3. Adding Selection Bias Adjustment

NHANES uses a complex sampling design with oversampling of certain demographic groups. This can create selection bias if both the exposure (alcohol consumption) and outcome (mortality) are related to the selection probability.

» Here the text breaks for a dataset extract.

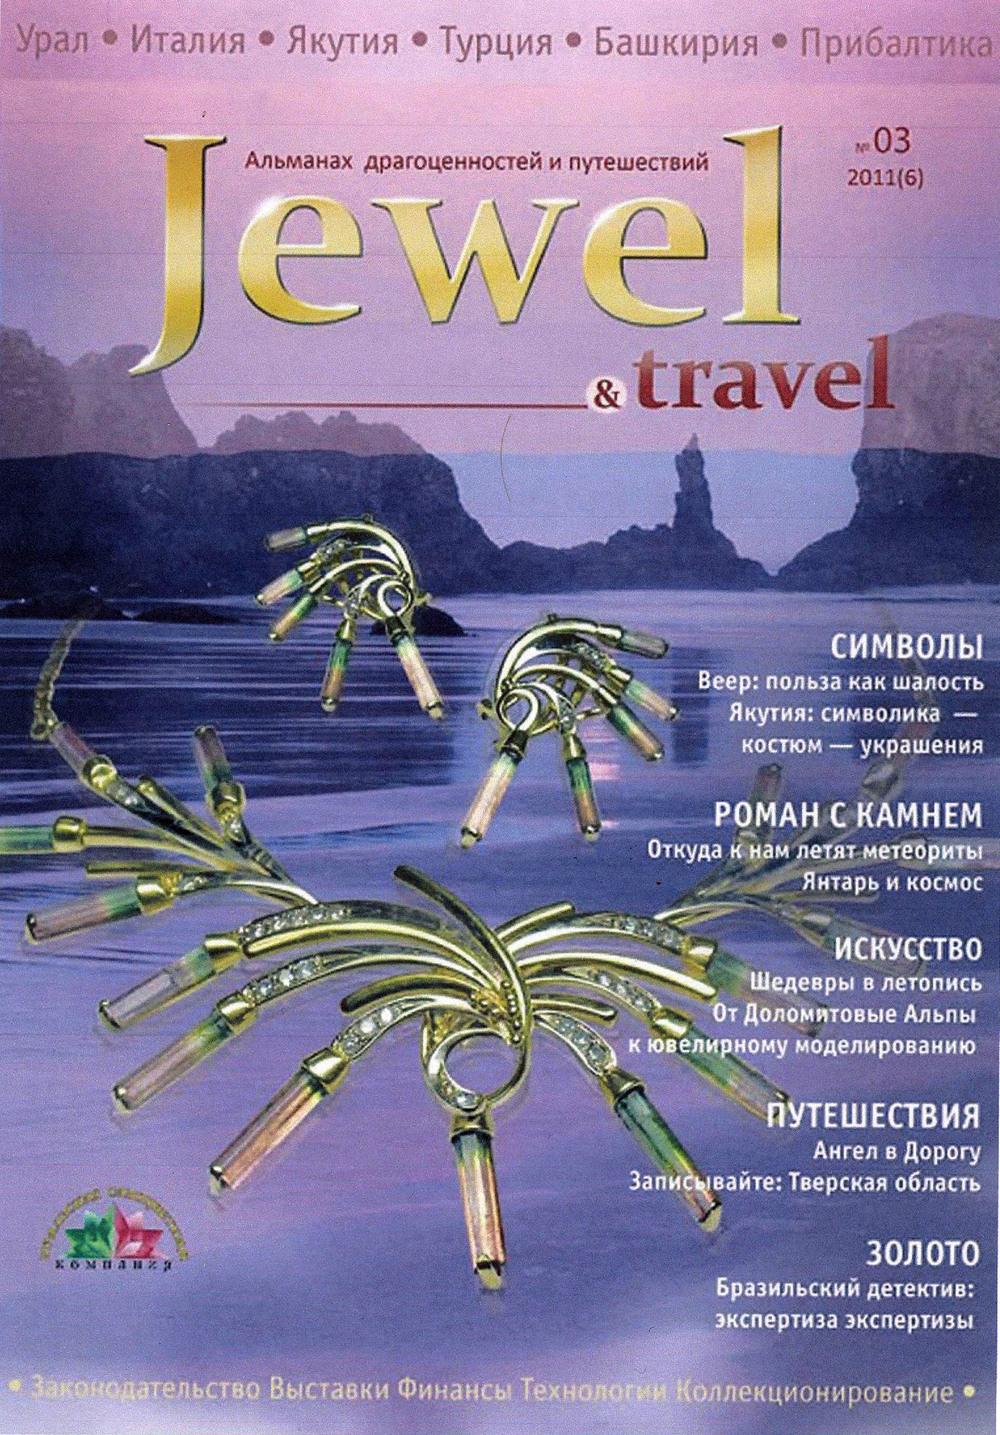 Ювелирный журнал JEWEL & TRAVEL, 2011 г.
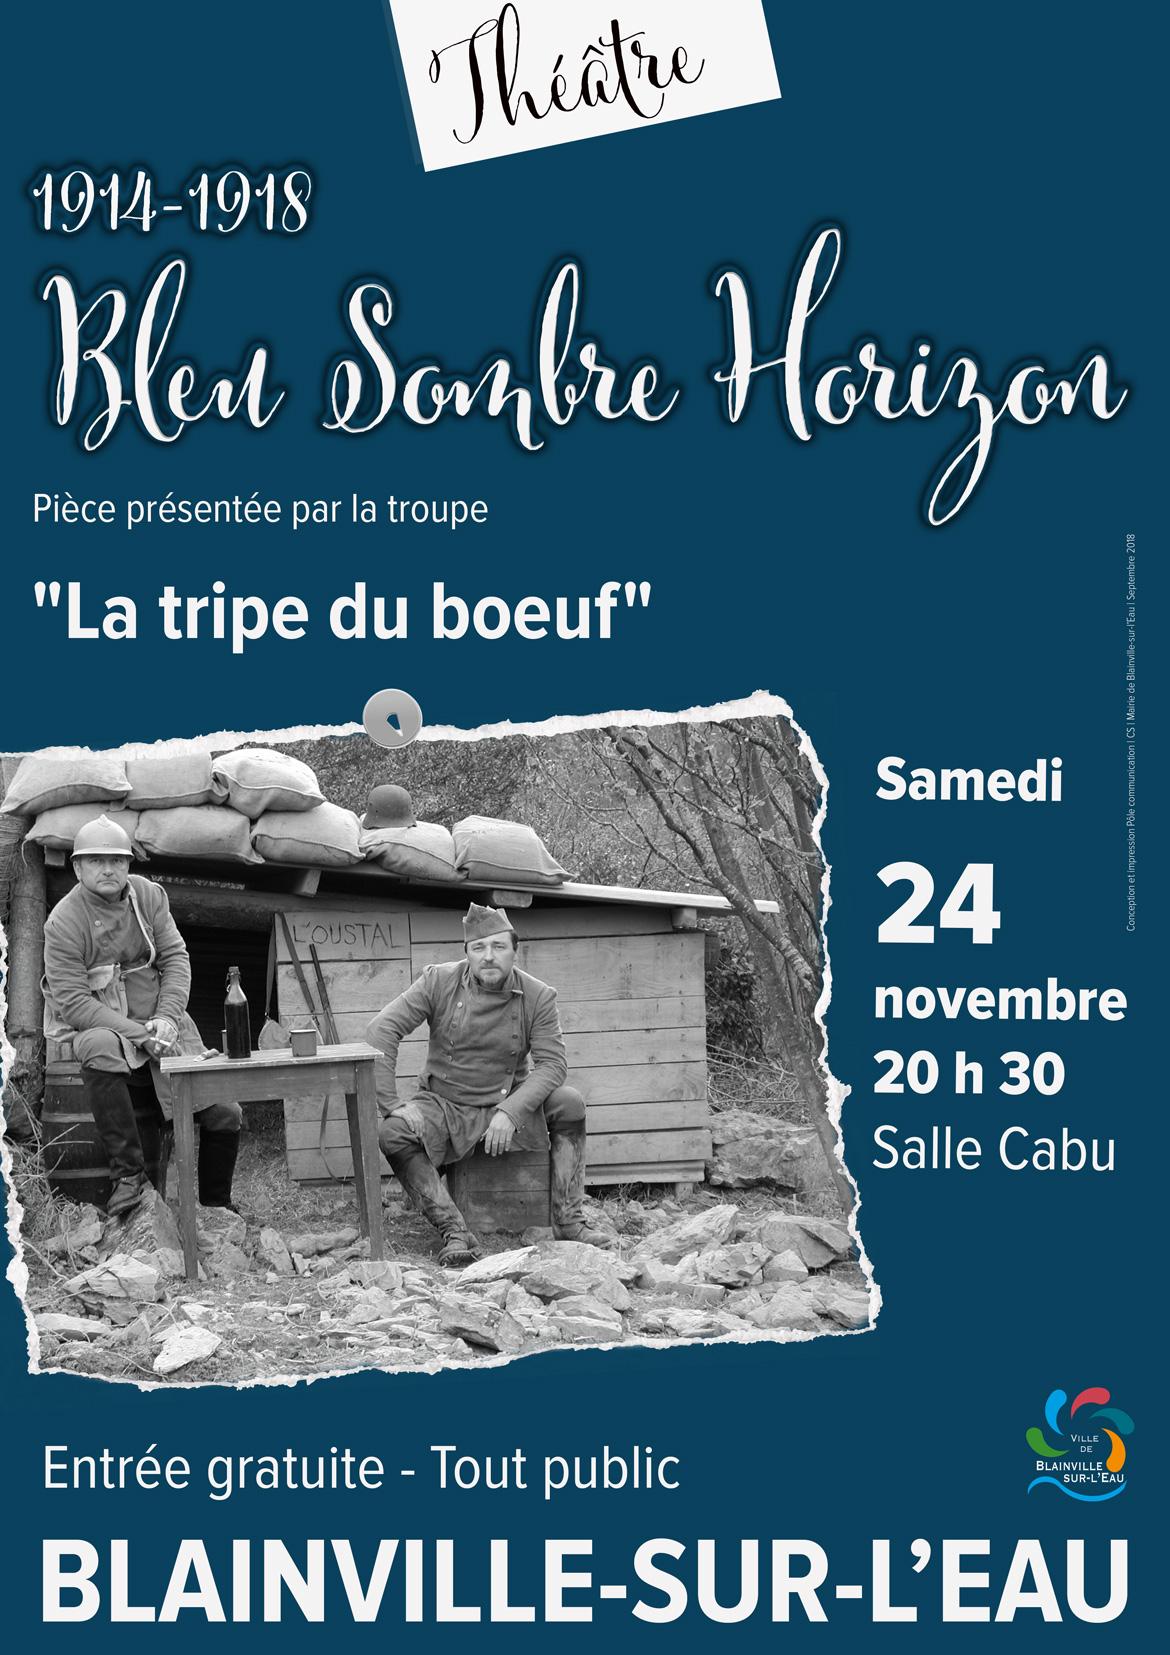 Théâtre 1914-1918 Bleu Sombre Horizon - Blainville-sur-l'Eau

We’ll adjust for this using the NHANES sampling weights.

# Create observed data object with all three biases
df_obs3 <- data_observed(
  data = nhanes_filtered,
  bias = c("em", "uc", "sel"),
  exposure = "alcohol_extreme",
  outcome = "mortstat",
  confounders = c("age", "gender_female")
)

# Prepare data for selection bias adjustment
df_temp3a <- nhanes_filtered |>
  filter(!is.na(smoked_100cigs)) |>
  mutate(
    alcohol_adj = if_else(
      income == "$100,000 and Over" | education == "College graduate or above",
      alcohol_day_total * 1.5,
      alcohol_day_total
    ),
    alcohol_extreme_adj = case_when(
      alcohol_adj > 14 * 1.5 & gender_female == 1 ~ 1,
      alcohol_adj > 28 * 1.5 & gender_female == 0 ~ 1,
      TRUE ~ 0
    ),
    # Combine survey weights
    weight = if_else(weight_day2 == 0, weight_day1, weight_day2)
  )

# Create selection indicator based on sampling weights
set.seed(1234)
selected_sample <- sample(
  x = df_temp3a$seqn,
  size = nrow(df_temp3a),
  replace = TRUE,
  prob = df_temp3a$weight
)

df_selected_sample <- data.frame()
for (id in selected_sample) {
  df_selected_sample <- rbind(
    df_selected_sample,
    df_temp3a[df_temp3a$seqn == id, ]
  )
}

df_selected_sample$selection <- 1
df_not_selected_sample <- df_temp3a[!(df_temp3a$seqn %in% selected_sample), ]
df_not_selected_sample$selection <- 0

df_temp3b <- rbind(df_selected_sample, df_not_selected_sample)

# Create validation data with selection information
df_val3 <- data_validation(
  data = df_temp3b,
  true_exposure = "alcohol_extreme_adj",
  true_outcome = "mortstat",
  confounders = c("age", "gender_female", "smoked_100cigs"),
  misclassified_exposure = "alcohol_extreme",
  selection = "selection"
)

# Perform final bias adjustment
set.seed(1234)
final_adjusted <- multibias_adjust(df_obs3, df_val3)

# Triple Bias Adjusted Results:
print(final_adjusted)
#> $estimate
#> [1] 1.178683
#> 
#> $ci
#> [1] 0.9150851 1.5182133

Comparing Results

Let’s compare all our estimates to see how each bias adjustment affects our results:

# Create comparison table
comparison_table <- data.frame(
  Model = c(
    "Base Model",
    "Adjusted - Single Bias",
    "Adjusted - Double Biases",
    "Adjusted - Triple Biases"
  ),
  OR = c(
    round(exp(coef(base_mod))["alcohol_extreme"], 2),
    round(uc_adjusted$estimate, 2),
    round(uc_em_adjusted$estimate, 2),
    round(final_adjusted$estimate, 2)
  ),
  CI_lower = c(
    round(exp(confint(base_mod))["alcohol_extreme", 1], 2),
    round(uc_adjusted$ci[1], 2),
    round(uc_em_adjusted$ci[1], 2),
    round(final_adjusted$ci[1], 2)
  ),
  CI_upper = c(
    round(exp(confint(base_mod))["alcohol_extreme", 2], 2),
    round(uc_adjusted$ci[2], 2),
    round(uc_em_adjusted$ci[2], 2),
    round(final_adjusted$ci[2], 2)
  )
)
#> Waiting for profiling to be done...
#> Waiting for profiling to be done...

# Comparison of Bias-Adjusted Estimates:
print(comparison_table)
#>                      Model   OR CI_lower CI_upper
#> 1               Base Model 1.56     1.10     2.17
#> 2   Adjusted - Single Bias 1.41     1.00     1.99
#> 3 Adjusted - Double Biases 1.14     0.82     1.59
#> 4 Adjusted - Triple Biases 1.18     0.92     1.52

Discussion

This analysis demonstrates how multiple sources of bias can affect the estimated relationship between alcohol consumption and mortality:

Uncontrolled Confounding: Adjusting for smoking status reduced the odds ratio from 1.56 to 1.41, suggesting that part of the observed association was due to the confounding effect of smoking.
Exposure Misclassification: Further adjustment for potential underreporting of alcohol consumption reduced the odds ratio to 1.14, indicating that measurement error may have led to an overestimate of the true effect.
Selection Bias: The final adjustment for NHANES sampling weights had minimal impact on the estimate, suggesting that selection bias may not be a major concern in this analysis.

These results highlight the importance of considering multiple sources of bias simultaneously. The multibias package provides a flexible framework for such analyses, allowing researchers to incorporate various assumptions about bias mechanisms and assess their impact on study results.